Now that we have both the embeddings for the ESOL dataset, we can generate a prediction model. Here, we will be creating a Support Vector Regression (SVR) model.

# Splitting dataset into training and testing sets
tempX = np.asarray(ex_emb_df['EMBEDDINGS'].tolist(), dtype=np.float32)
tempY = np.asarray(ex_emb_df['Y'], dtype=np.float32)
x_train, x_test_emb, y_train, y_test_emb  = train_test_split(tempX, tempY, train_size=0.7, random_state=1993)

# Defining SVR model parameters (you may change them and observe change in performance)
reg_emb = SVR(kernel='rbf', gamma='scale', C=10, epsilon=0.01)

# Fitting the model on the training dataset
reg_emb.fit(x_train, y_train)

# Using the fitted model for prediction of the ESOL values on test dataset
pred_emb = reg_emb.predict(x_test_emb)

# Performance measures of SVR model
emb_SVR_MSE = mean_squared_error(y_test_emb, pred_emb)
emb_SVR_R2 = r2_score(y_test_emb, pred_emb)

print("Embeddings_SVR_MSE: ", emb_SVR_MSE)
print("Embeddings_SVR_r2: ", emb_SVR_R2)
Embeddings_SVR_MSE:  0.8602563849908824
Embeddings_SVR_r2:  0.7037909732430953

Results#

Now that the SVR model has been trained with an \(R^2\) of 0.70, let’s assess the result by plotting the predicted vs. actual ESOL values in the test set.

# Create the scatter plot
plt.figure(figsize=(10, 8))
plt.scatter(y_test_emb, pred_emb, alpha=0.5)

# Add a diagonal line representing perfect predictions
min_val = min(min(y_test_emb), min(pred_emb))
max_val = max(max(y_test_emb), max(pred_emb))
plt.plot([min_val, max_val], [min_val, max_val], 'r--', lw=2)

# Set labels and title
plt.xlabel('Actual ESOL Values')
plt.ylabel('Predicted ESOL Values')
plt.title('Predicted vs. Actual ESOL Values from SVR Model Trained on MolMIM Embeddings')
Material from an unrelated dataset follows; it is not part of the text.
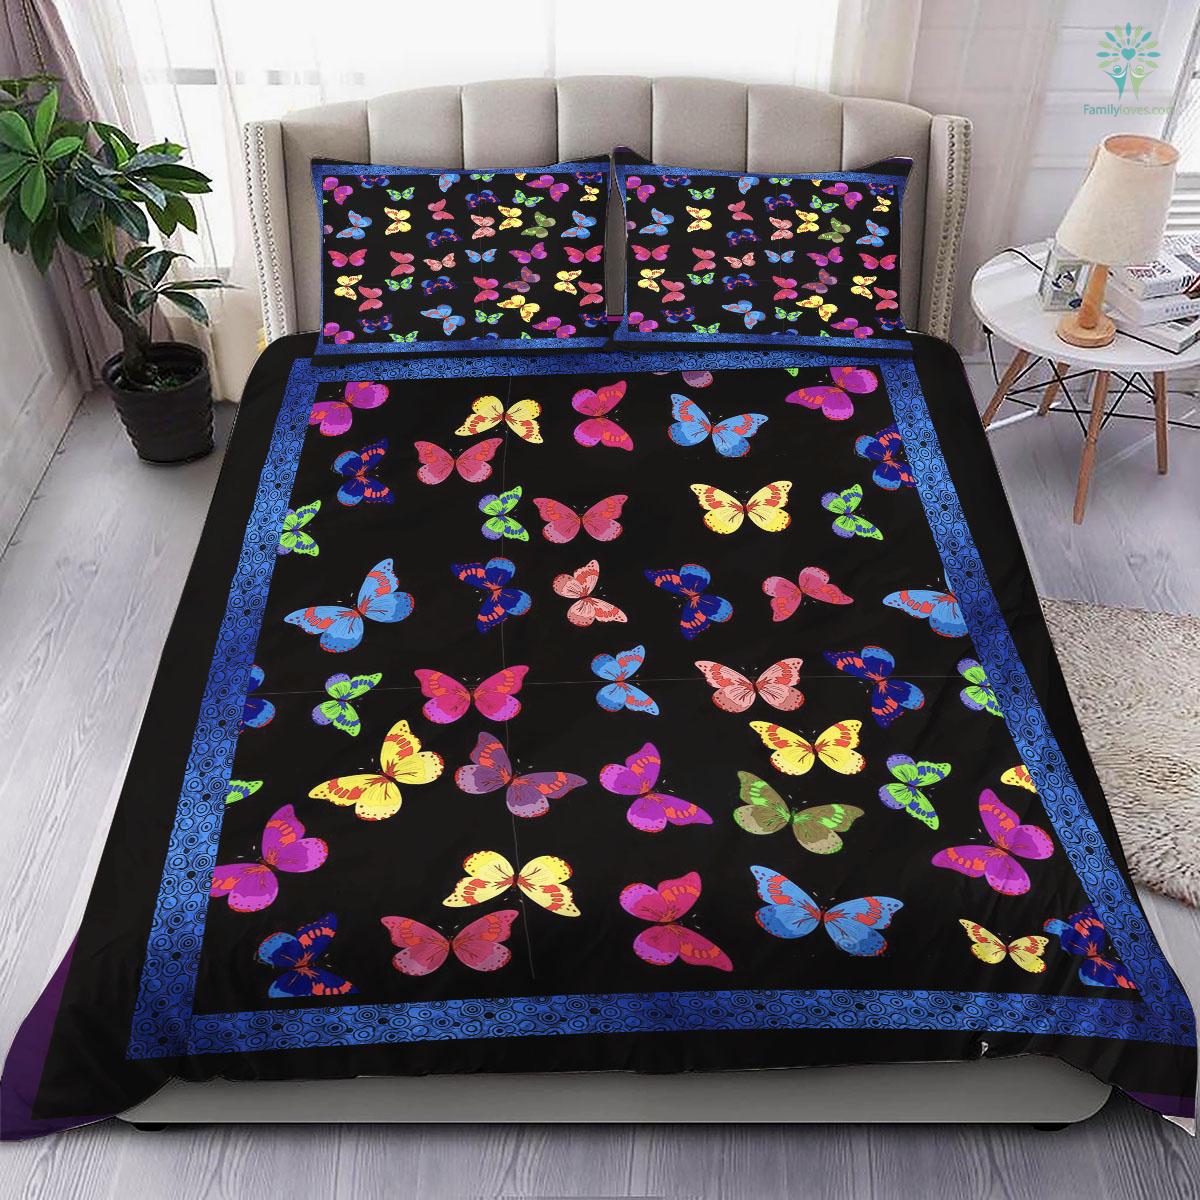 Butterfly 3 Bedding - Family Loves US Military Veterans Shirts Gifts Ideas

# Add R-squared value to the plot
plt.text(0.05, 0.95, f'R² = {emb_SVR_R2:.4f}', transform=plt.gca().transAxes, 
         verticalalignment='top')

# Adjust layout and display the plot
plt.tight_layout()
plt.show()
../_images/1d62d9fdc42bd36107d77db0f25bbd2974e4a29abb9b6837118d967bae3721d6.png

We can see that the SVR model makes moderate predictions of solubility through using the MolMIM embeddings as predictors. Can you tweak and improve the model?